If one raises the price 35% and reduces the production, one could still achieve a rise in GDP. That is the fallacy.
If we look at the number of widgets sold we might have a completely different view. I can tell you that the wholesale price of copper is back to what it was pre pandemic. Yet the price of copper wired is still 250% higher than Trump days. I can probably go through 90% of building materials and show the same correlation. That is ONE industry.

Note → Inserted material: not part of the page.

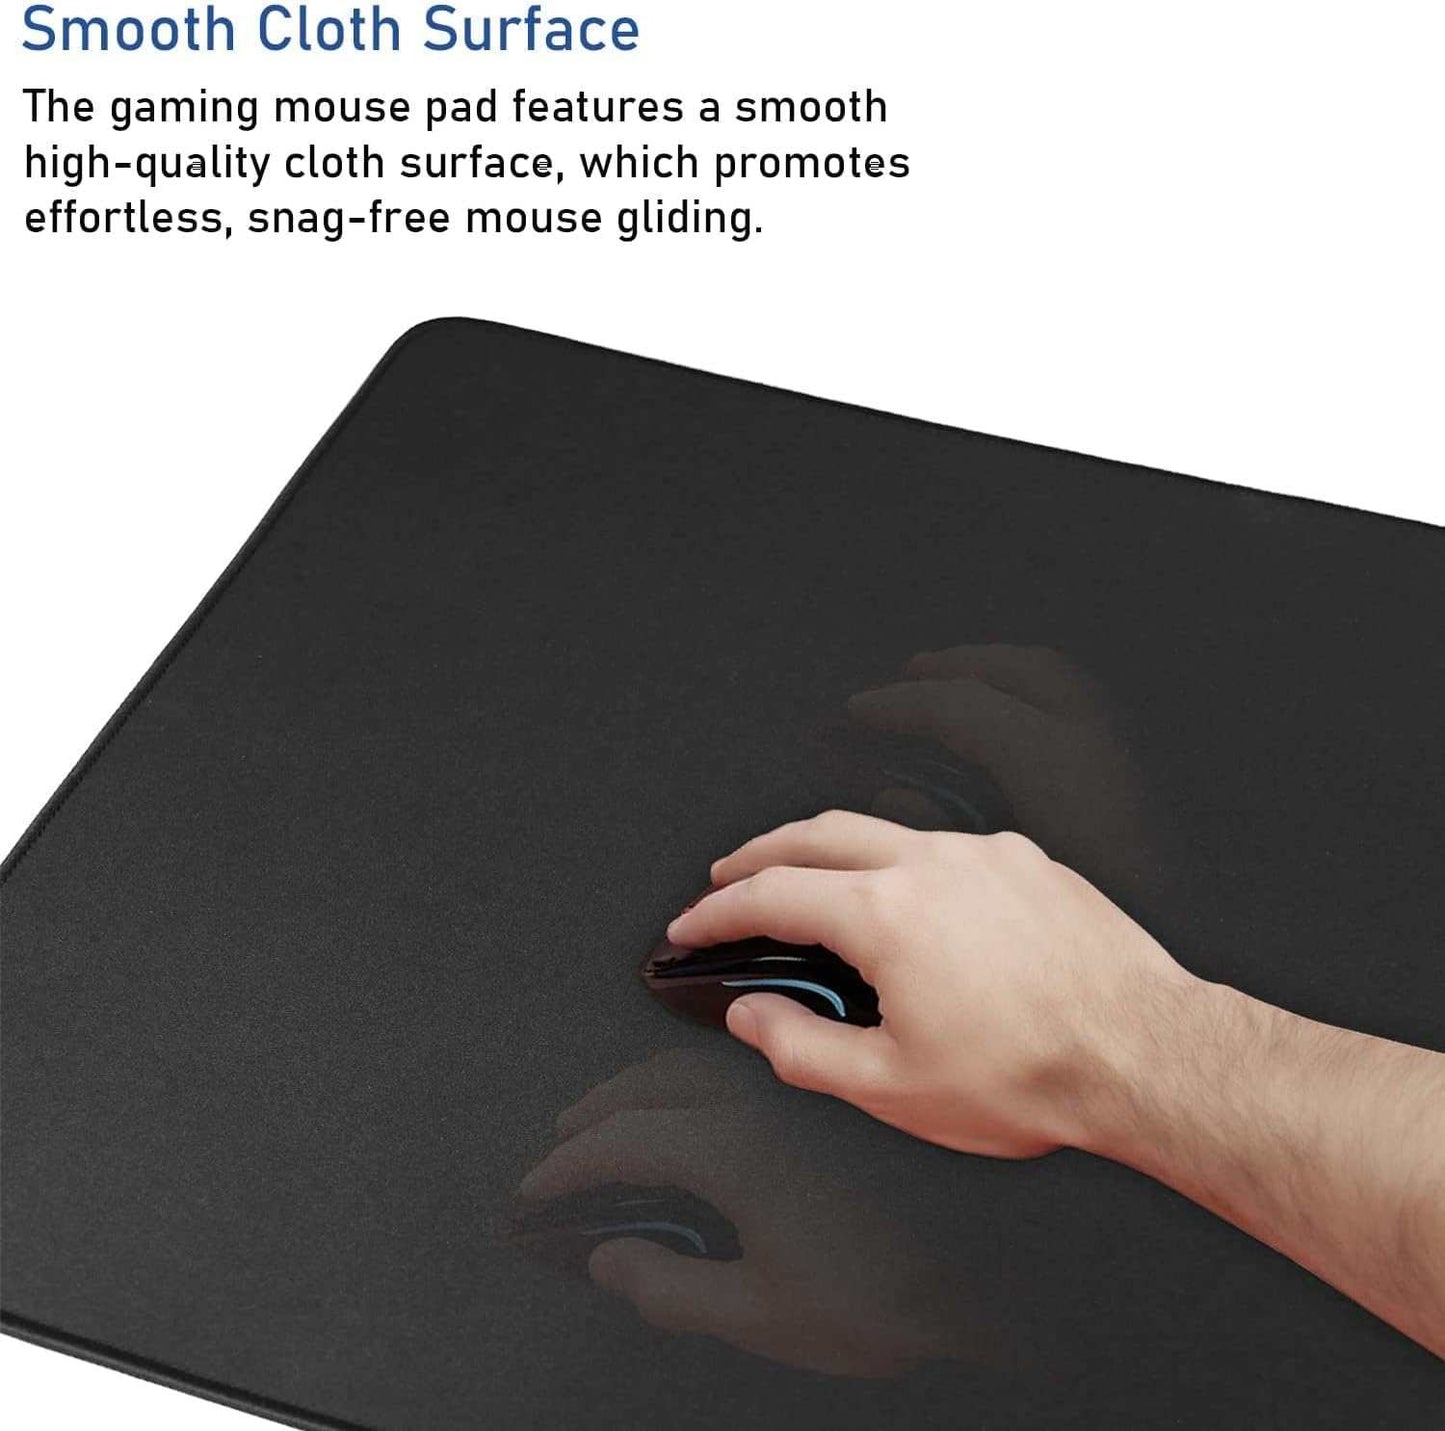 Large Extended Gaming Mouse Pad with Stitched Edges, (31.5X15.7In) Dur 
 
  Experience the ultimate in gaming comfort with this large extended gaming mouse pad. Its ultra-large size of 35 x 15.7 x 0.12in easily fits your desktop for a indoorTOPDEALTOPDEAL-Slip Natural Rubber Base, Waterproof Computer Keyboard Pad Mat

One example is aluminum vented soffit. The price of aluminum is up about 20% from the baseline date. The price of the soffit at any box store is up 280%
While cost of shipping, wages, cost of energy to product is all up, the question is: Can a 20% raise across the board in these areas including raw material equate to a 280% rise in value of product?
With regard to “reducing inflation” a cry of he dems, it is not possible to reduce inflation at all. We therefore need to adjust tax levels and rates and deductions etc to match the inflation.
Example in FL the homestead exemption was $5000 in 1933. In 1983 it was raised to $25,000. IN todays money that is $100,000 and we have seen no adjustment, however the government gets to raise actual taxes up to 3% per year! The taxpayers are the losers, especially the elderly.